Items from a dataset
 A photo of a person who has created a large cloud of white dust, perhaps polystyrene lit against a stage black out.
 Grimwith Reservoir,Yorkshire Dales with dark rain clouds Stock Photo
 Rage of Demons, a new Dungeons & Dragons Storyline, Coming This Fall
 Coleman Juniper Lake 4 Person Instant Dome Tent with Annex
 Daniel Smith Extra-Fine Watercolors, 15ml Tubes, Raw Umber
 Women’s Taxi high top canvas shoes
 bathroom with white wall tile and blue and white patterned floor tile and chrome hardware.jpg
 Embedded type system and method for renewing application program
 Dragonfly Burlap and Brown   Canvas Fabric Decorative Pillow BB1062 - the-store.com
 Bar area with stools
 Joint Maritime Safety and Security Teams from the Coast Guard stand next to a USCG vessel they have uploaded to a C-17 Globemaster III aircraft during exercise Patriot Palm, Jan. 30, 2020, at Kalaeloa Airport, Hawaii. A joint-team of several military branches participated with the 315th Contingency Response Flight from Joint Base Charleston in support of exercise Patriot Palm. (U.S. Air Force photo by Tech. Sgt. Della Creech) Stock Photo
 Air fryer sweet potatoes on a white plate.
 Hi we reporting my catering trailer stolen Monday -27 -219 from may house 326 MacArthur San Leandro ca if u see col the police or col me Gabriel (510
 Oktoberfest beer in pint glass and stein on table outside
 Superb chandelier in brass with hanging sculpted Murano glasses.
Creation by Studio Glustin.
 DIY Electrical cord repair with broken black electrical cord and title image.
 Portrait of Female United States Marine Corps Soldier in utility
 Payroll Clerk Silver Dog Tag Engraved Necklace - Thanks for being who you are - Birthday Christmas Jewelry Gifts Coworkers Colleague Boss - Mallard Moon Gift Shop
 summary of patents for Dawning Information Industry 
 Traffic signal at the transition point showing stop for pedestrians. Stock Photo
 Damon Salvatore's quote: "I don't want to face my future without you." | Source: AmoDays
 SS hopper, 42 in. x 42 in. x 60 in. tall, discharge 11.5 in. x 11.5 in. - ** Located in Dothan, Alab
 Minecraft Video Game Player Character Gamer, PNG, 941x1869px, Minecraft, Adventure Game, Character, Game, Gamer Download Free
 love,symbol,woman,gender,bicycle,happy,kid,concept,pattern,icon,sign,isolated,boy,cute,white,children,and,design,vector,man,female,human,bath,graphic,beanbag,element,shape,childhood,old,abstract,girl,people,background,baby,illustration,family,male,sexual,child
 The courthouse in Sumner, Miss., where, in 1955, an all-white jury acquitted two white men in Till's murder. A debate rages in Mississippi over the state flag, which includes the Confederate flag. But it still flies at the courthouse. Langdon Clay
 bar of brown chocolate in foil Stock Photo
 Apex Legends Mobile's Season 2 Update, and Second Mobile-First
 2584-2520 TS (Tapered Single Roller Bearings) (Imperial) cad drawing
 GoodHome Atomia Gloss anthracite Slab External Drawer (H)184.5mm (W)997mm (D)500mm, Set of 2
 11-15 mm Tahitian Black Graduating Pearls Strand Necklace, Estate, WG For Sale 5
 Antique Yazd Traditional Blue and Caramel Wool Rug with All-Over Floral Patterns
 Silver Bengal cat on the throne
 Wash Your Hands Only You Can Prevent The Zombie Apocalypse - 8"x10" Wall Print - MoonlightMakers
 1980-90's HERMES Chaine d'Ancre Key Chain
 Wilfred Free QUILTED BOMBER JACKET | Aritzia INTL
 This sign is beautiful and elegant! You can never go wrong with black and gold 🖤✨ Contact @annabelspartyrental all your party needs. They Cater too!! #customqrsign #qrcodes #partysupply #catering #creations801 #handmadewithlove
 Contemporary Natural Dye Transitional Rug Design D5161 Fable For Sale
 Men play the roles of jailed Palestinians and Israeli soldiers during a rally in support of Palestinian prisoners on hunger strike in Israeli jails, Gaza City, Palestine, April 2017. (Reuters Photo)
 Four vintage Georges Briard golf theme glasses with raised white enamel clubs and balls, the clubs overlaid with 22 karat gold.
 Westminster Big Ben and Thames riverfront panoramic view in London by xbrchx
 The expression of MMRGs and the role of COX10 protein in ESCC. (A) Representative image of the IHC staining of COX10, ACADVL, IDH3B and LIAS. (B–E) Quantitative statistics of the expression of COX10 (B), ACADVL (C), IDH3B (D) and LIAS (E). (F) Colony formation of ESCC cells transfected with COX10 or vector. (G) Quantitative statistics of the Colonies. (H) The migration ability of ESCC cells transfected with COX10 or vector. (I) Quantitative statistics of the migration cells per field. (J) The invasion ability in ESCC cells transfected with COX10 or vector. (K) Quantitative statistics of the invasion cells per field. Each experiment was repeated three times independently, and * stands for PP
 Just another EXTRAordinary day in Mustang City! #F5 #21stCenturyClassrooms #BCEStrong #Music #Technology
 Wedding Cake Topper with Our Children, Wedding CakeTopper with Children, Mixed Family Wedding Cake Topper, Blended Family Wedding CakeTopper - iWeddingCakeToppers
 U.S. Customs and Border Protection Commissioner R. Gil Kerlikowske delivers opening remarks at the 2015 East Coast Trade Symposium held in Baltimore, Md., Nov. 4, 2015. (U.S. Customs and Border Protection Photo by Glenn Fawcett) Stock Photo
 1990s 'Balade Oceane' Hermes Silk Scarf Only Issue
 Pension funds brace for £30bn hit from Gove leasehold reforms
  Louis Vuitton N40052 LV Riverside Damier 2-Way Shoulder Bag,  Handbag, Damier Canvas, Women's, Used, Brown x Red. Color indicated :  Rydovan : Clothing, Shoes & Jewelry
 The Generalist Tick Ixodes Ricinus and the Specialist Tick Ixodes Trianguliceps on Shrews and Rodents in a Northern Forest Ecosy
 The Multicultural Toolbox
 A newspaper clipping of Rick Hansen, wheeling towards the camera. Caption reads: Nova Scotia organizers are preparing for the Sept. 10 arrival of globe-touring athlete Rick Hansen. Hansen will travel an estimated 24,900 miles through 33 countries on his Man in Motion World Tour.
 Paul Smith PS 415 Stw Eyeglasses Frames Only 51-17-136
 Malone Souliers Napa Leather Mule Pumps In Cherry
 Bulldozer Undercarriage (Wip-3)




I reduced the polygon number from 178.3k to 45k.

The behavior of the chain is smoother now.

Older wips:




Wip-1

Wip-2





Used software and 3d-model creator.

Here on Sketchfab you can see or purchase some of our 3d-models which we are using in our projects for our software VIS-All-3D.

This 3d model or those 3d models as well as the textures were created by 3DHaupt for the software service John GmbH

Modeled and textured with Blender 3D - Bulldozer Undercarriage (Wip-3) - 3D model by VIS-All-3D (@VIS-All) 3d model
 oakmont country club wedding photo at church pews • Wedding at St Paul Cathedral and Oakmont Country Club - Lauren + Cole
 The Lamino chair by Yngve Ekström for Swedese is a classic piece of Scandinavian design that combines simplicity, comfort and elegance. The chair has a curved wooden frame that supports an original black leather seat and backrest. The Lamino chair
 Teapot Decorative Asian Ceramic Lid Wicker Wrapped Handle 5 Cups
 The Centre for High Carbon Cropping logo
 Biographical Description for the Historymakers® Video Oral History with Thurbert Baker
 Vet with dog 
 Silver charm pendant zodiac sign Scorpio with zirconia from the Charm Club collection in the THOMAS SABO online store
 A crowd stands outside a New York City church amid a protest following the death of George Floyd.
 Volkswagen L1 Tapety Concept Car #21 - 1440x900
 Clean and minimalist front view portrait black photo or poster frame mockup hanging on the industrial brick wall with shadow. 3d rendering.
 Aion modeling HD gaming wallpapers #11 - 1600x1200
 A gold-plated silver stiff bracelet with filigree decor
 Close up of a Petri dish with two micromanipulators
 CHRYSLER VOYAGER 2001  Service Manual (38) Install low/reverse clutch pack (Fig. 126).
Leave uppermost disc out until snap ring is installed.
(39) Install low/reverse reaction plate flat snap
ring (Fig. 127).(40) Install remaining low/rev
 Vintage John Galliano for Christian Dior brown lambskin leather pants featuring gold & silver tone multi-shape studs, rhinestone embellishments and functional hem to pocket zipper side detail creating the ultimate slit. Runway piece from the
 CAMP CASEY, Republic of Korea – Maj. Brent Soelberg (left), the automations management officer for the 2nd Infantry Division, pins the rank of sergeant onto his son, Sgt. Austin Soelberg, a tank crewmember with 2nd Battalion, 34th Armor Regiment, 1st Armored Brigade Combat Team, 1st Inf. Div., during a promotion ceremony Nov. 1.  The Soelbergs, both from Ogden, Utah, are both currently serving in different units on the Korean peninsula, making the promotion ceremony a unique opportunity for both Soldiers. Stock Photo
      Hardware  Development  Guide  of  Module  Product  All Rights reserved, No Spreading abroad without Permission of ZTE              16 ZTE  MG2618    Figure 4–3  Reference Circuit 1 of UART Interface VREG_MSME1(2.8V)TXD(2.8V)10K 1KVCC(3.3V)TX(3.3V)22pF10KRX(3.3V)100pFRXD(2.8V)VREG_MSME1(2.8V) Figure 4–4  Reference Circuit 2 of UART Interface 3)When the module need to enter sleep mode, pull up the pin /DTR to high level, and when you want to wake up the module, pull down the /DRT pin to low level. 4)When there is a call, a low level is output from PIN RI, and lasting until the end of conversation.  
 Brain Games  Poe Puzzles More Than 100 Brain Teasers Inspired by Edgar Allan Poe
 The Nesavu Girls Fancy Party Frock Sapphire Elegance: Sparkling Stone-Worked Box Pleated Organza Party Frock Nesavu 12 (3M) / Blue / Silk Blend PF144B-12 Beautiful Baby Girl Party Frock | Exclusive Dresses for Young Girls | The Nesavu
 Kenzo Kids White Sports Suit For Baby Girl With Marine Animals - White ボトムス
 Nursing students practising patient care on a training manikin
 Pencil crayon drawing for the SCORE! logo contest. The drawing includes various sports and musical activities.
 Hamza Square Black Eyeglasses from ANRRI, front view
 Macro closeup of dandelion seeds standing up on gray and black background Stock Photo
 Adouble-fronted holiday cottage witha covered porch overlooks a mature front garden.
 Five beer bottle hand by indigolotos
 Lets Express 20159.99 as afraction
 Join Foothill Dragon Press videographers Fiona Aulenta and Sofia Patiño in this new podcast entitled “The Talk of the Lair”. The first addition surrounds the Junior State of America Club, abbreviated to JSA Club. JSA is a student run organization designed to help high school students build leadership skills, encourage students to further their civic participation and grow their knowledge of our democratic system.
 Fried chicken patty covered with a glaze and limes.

Task instructions: Count every line of the data in which the word "store" appears, and report only the total.

Answer: 2